Take a look at the updated version of Bradley Efron's 2004 ASA Presidential Address:
I find it a clear, concise, and obviously authoritative statement of the important concepts of EBE and FDR.
From: SAS(r) Discussion [mailto:SAS-L@LISTSERV.UGA.EDU] On Behalf Of Ryan
Sent: Thursday, October 23, 2008 7:49 AM
Subject: Re: GLIMMIX 9.2 documentation question
On Oct 23, 3:23 am, Oliver.K...@medizin.uni-halle.de wrote:
> On 23 Okt., 04:45, Ryan <Ryan.Andrew.Bl...@gmail.com> wrote:
> > Hello,
> > I've been spending quite some time in GLIMMIX documentation, and
> > came across a statement that has confused me. The statement below
> > comes from the article, "Growing Up Fast: SAS 9.2 Enhancements in
> > the GLIMMIX procedure."
> > * The quadrature rule in the GLIMMIX procedure is adaptive in the
> > following sense: ...
> > - The GLIMMIX procedure centers and scales the quadrature points by
> > using the empirical Bayes estimates (EBEs) of the random effects and
> > the Hessian (second
> > derivative) matrix from the EBE
> > suboptimization to improve the likelihood approximation.
> > -----------------------
> > I'm a bit confused by the use of the term "empirical Bayes estimates
> > (EBE)." I didn't think Bayesian estimation was used in this
> > procedure. Could anyone shed some light on this? What would be the
> > benefits of using EBE?
> > Thanks,
> > Ryan
> Hello Ryan,
> you are right, PROC GLIMMIX does not use "real" Bayesian Estimation in
> the sense of MCMC or something like that. My understanding is that the
> implemented algorithm for numerical quadrature in GLIMMIX (it is the
> same with PROC NLMIXED) is an iterative one which needs updated
> estimates for the random effects in each step. These random effects
> estimates are estimated by the empirical Bayes method. Estimation is
> not very complicated here, estimates result from a simple
> computational step.
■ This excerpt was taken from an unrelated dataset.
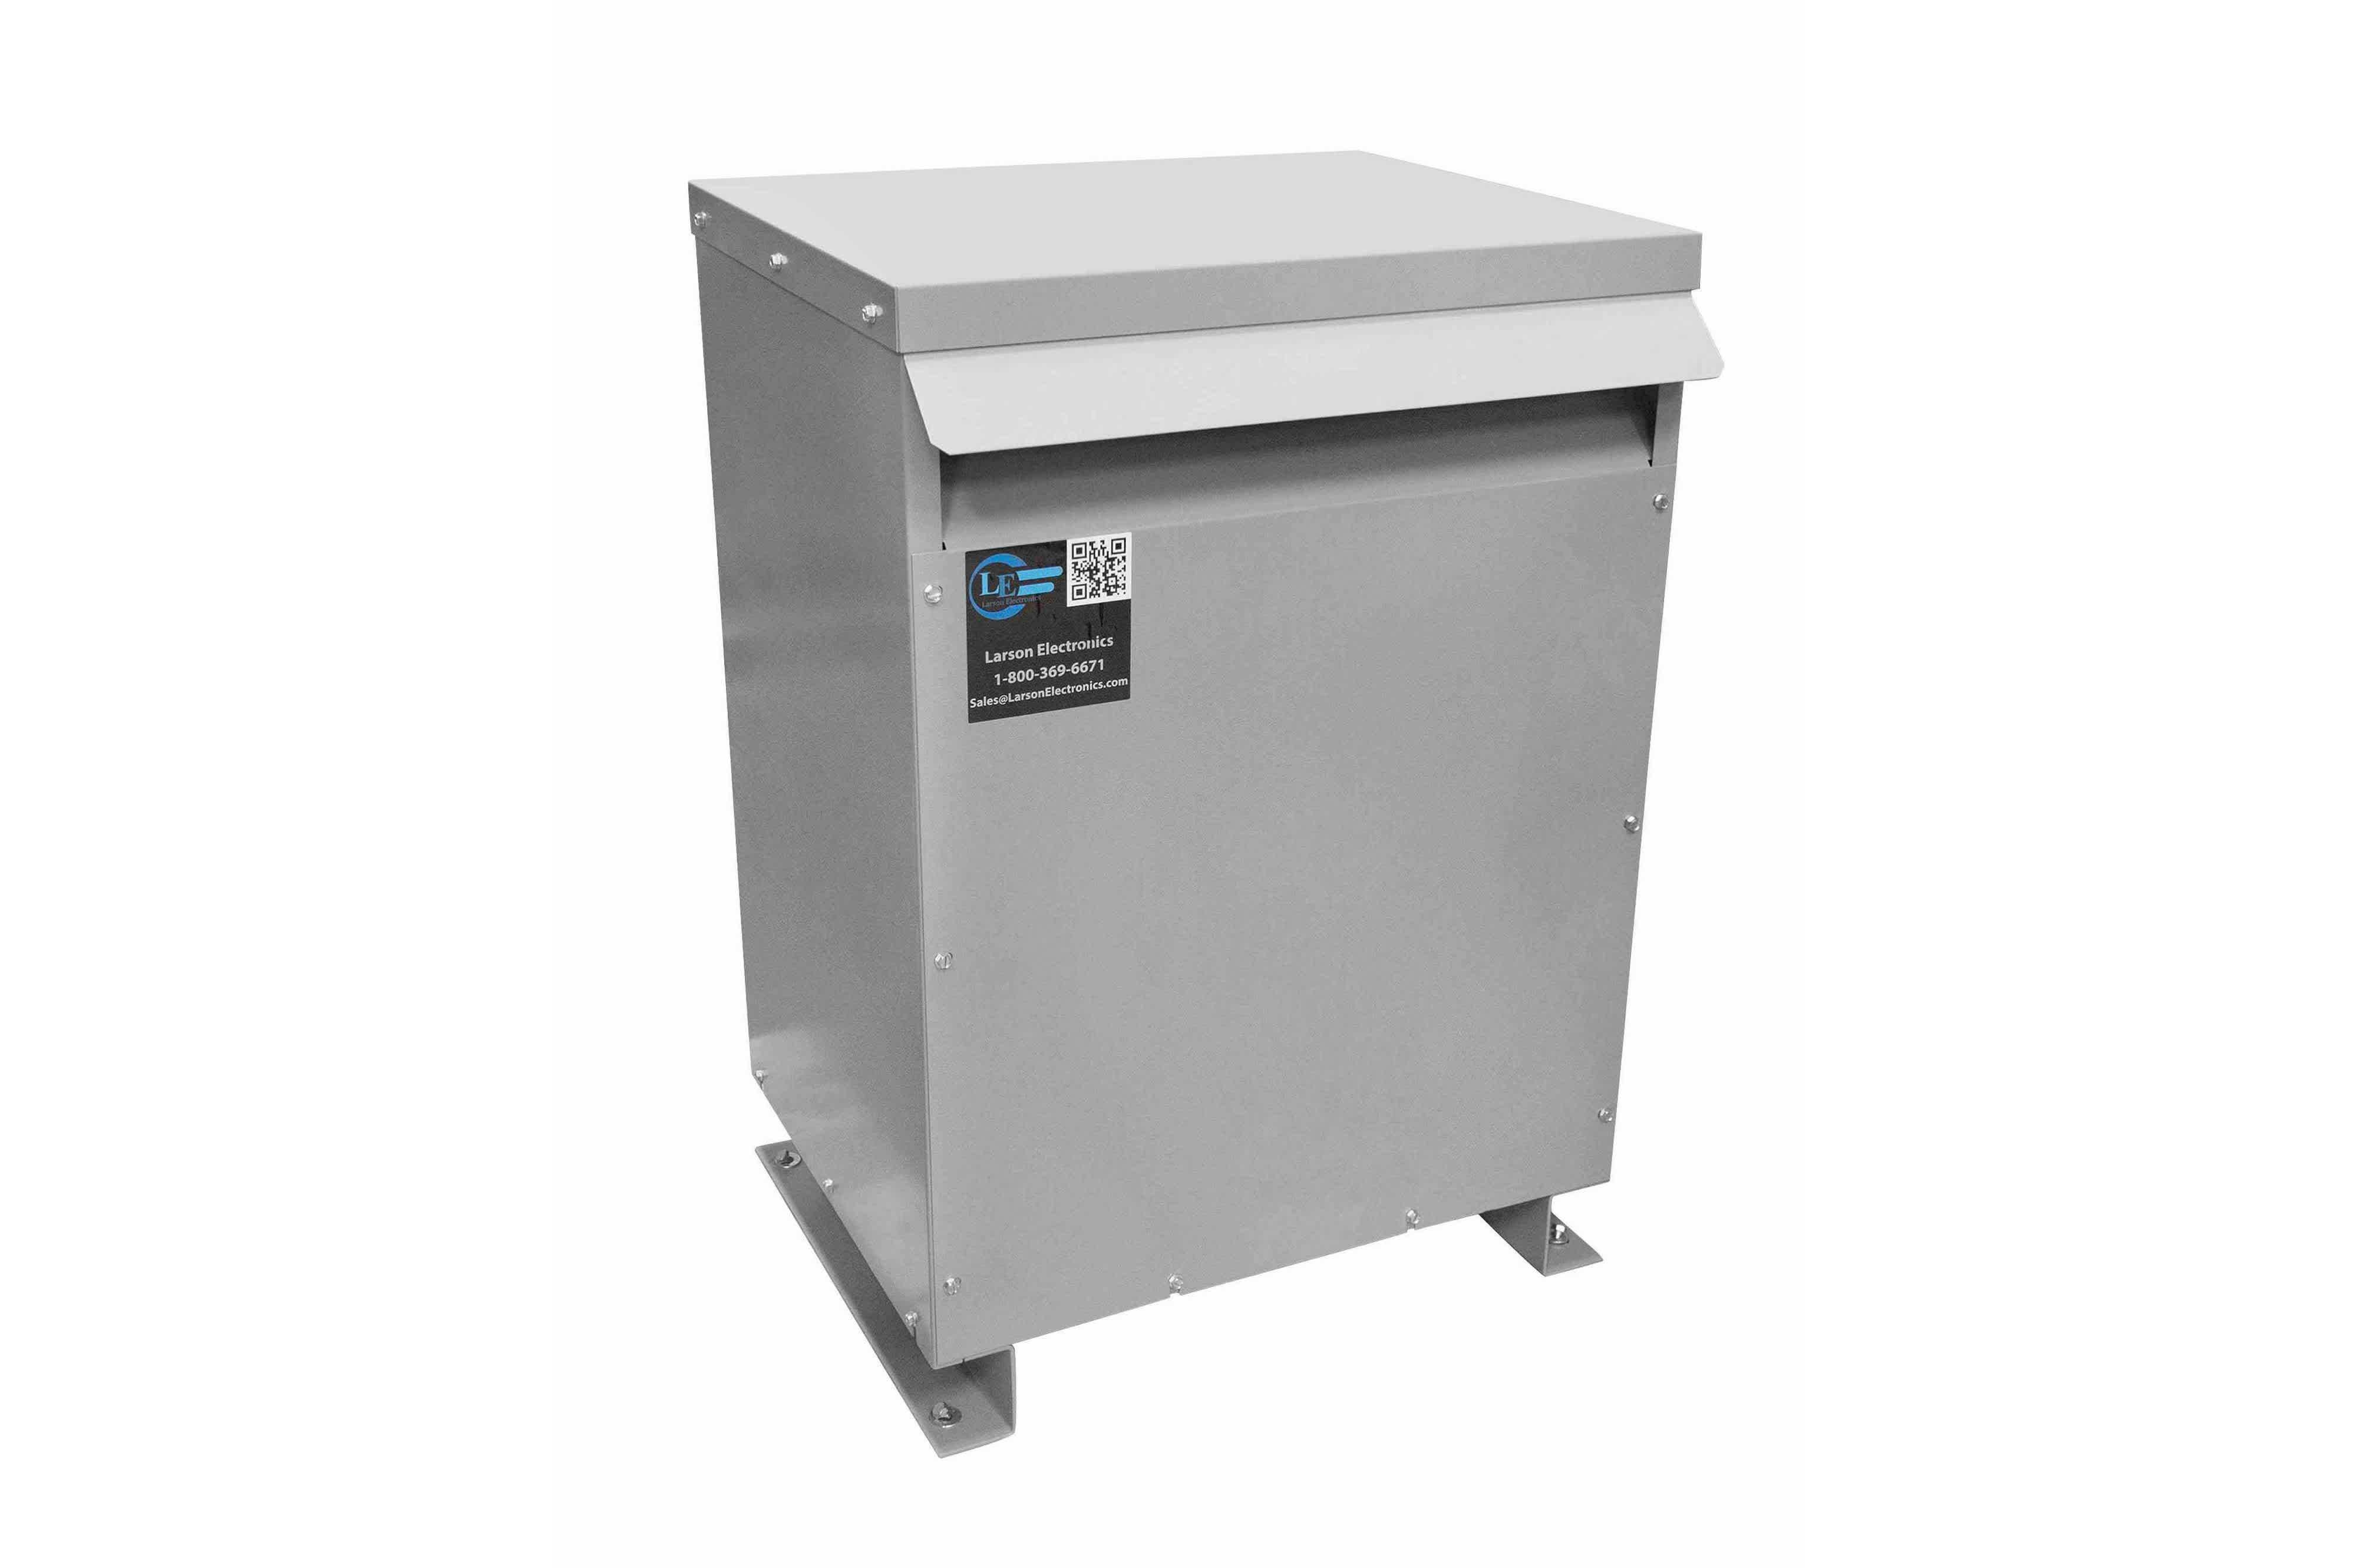 60 kVA 3PH Isolation Transformer, 208V Wye Primary, 415V Delta Secondary, N3R, Ventilated, 60 Hz

As such, empirical Bayes is just an estimation
> principle which is used and has proven sensible.
> Hope that helps,
> Oliver- Hide quoted text -
> - Show quoted text -
It's good to hear from you, & thank you for responding!
So, this is not comparable to other bayesian estimation techniques? What exactly makes EBE useful? Does it simply improve efficiency of the estimation process or does it, for instance, improve the precision of estimates in specific circumstances?